By Kim L. Fritzemeier

KFRM Central Kansas Reporter

Farm Wife along the Stafford/Reno County Line

You know that feeling when you first get a dramatic new haircut and you wonder if you've made a horrible mistake? You look in the mirror and you hardly recognize yourself. (I am such a stick-in-the-mud that it doesn't happen often to me because I don't change my hair on a whim. But if you've ever lived with a teenage girl, you know what I mean. The simplest of hair trims can be a red-alert crisis.)

That's kind of how I feel when I drive home from the north these days. Our shelterbelt to the north of the house has had a little "taken off the top." Actually, it was more than a trim. The first row of trees has been scalped.

It's all for a good cause, however. Our rural electric company has contracted with some tree companies to trim trees and limbs away from the power poles. The company that worked in our area gave us options. We could have the trees trimmed. Or we could have a row taken out. We opted for removal.

You might opt for removal, too, if you'd experienced what we did three winters ago. We were without electricity for 12 days after an ice storm in December 2007. The best Christmas present that year was getting the electricity back on a couple of days before Christmas Eve.

I know removing the trees along our road isn't going to keep my lights on indefinitely. But I also know there are tree crews trimming all over Ark Valley Electric's service area, using FEMA disaster funds. We can always hope it will help, right?


This is the before picture. You can see the trees in relation to the power pole. There wasn't a lot of wiggle room there for falling branches in an ice storm.
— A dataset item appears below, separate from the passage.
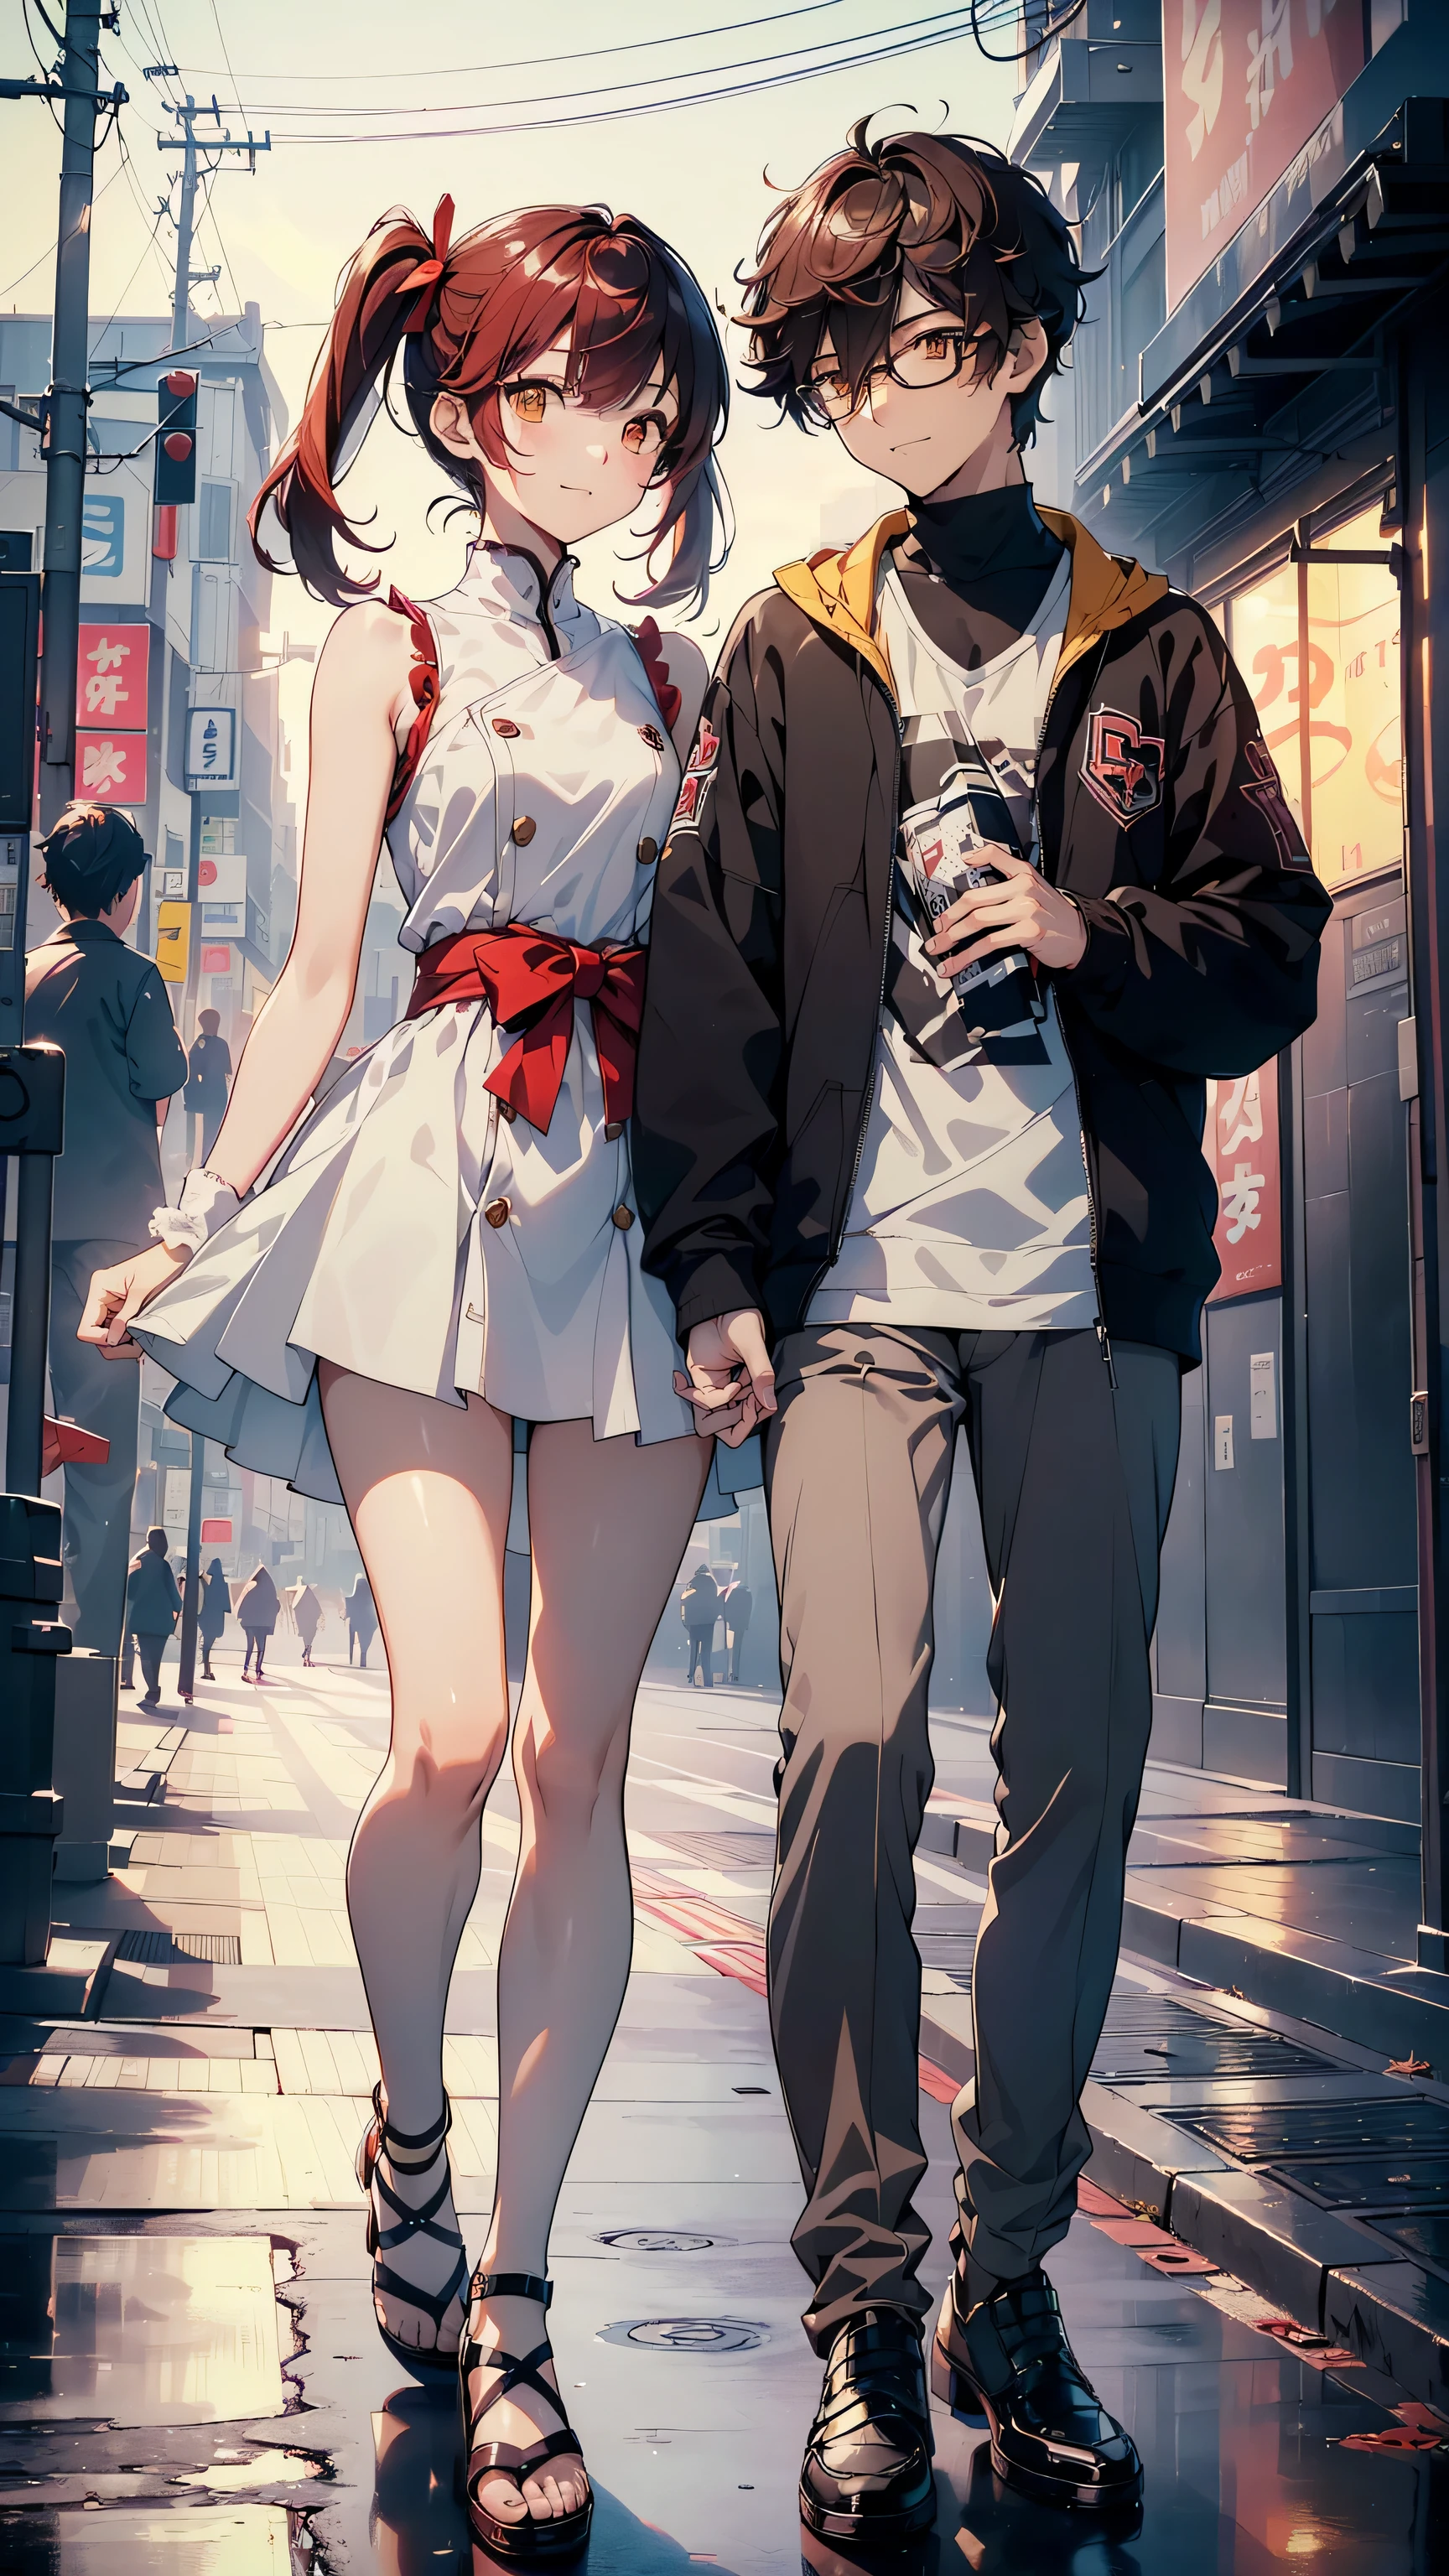 ((top quality, ultra detailed, high resolution, Extremely detailed CG, unity wallpaper 8k, by famous artist, Perfect anatomy, super detailed skin, cinematic lighting, HD, retina, Anatomically correct, 1080P)), ((Please draw a couple in love of one girl and one boy in a lovely date:1.3), ((a girl with a boy)), ((Girl details: face,12-year-old:3.0, Child, body  shape, skinny, immature, moe, kawaii, Beautiful, bidding, A high school student, Androgynous Amulet, medium hair, girl with completely red hair, redhead, Collections, straight bangs, with a little bow in her hair, Complete ends, full fingers, perfect fingers, flat chest, body , Small rear, ingle, Beautiful detailed yellow gold filled eyes., Perfect eyes, japanese kawaii dress with pastel colors and Beautiful designs, coquette, bare arms and shoulders, sleeveless, thin legs, Small height, bidding face, Girl without glasses, full body view, standing, legs, body of a 12 year old girl)) ((Details of the : face, 17-year-old:2.0, amamiya-ren, athletic, manly, masculine, elegant, A high school student, boy with dark brown hair, Complete ends, full fingers, perfect fingers, perfect arms, masculine, manly, Small rear, Beautiful dark brown eyes full of details,  with glasses, Perfect eyes, ropa juvenil elegant hombre, the boy is more mature, mature boy)) (detailed lighting), (detailed background), ((romantic date at night walking through the streets of Tokyo)), Full body shot, ((perfect every 5 fingers)) ((A Man and a Woman)) ((Girl with red hair)) ((boy with dark brown hair)) ((romantic)) ((in love)) ((happy face)) ((smiling))

The electric company is also replacing some poles to further strengthen the infrastructure. (Note to self: You need to get your Cat Crossing sign off the pole before it disappears forever.) According to the tree crew, the "R" stands for removal. The yellow stake shows where they will put another pole in its place. (Thank goodness! I will admit I am an electricity addict. Withdrawal for this addiction is agony.)


The crews worked a couple of days sawing down the trees and turning some of them into wood chips and some into firewood.


We have a couple of fireplaces in our house, but we don't burn wood in them anymore. The last time we tried it, we had 25-plus people coming to Thanksgiving dinner and it smoked up the house. (No, it was not my cooking!) No amount of visits from a chimney sweep seemed to fix the problem.


But a neighbor came and picked up the wood and plans to use it at his house, as well as share it with some of his family members.

It really looks different when you drive in from the north these days. And, if you're a regular reader, you know how much I love change (sarcasm alert!).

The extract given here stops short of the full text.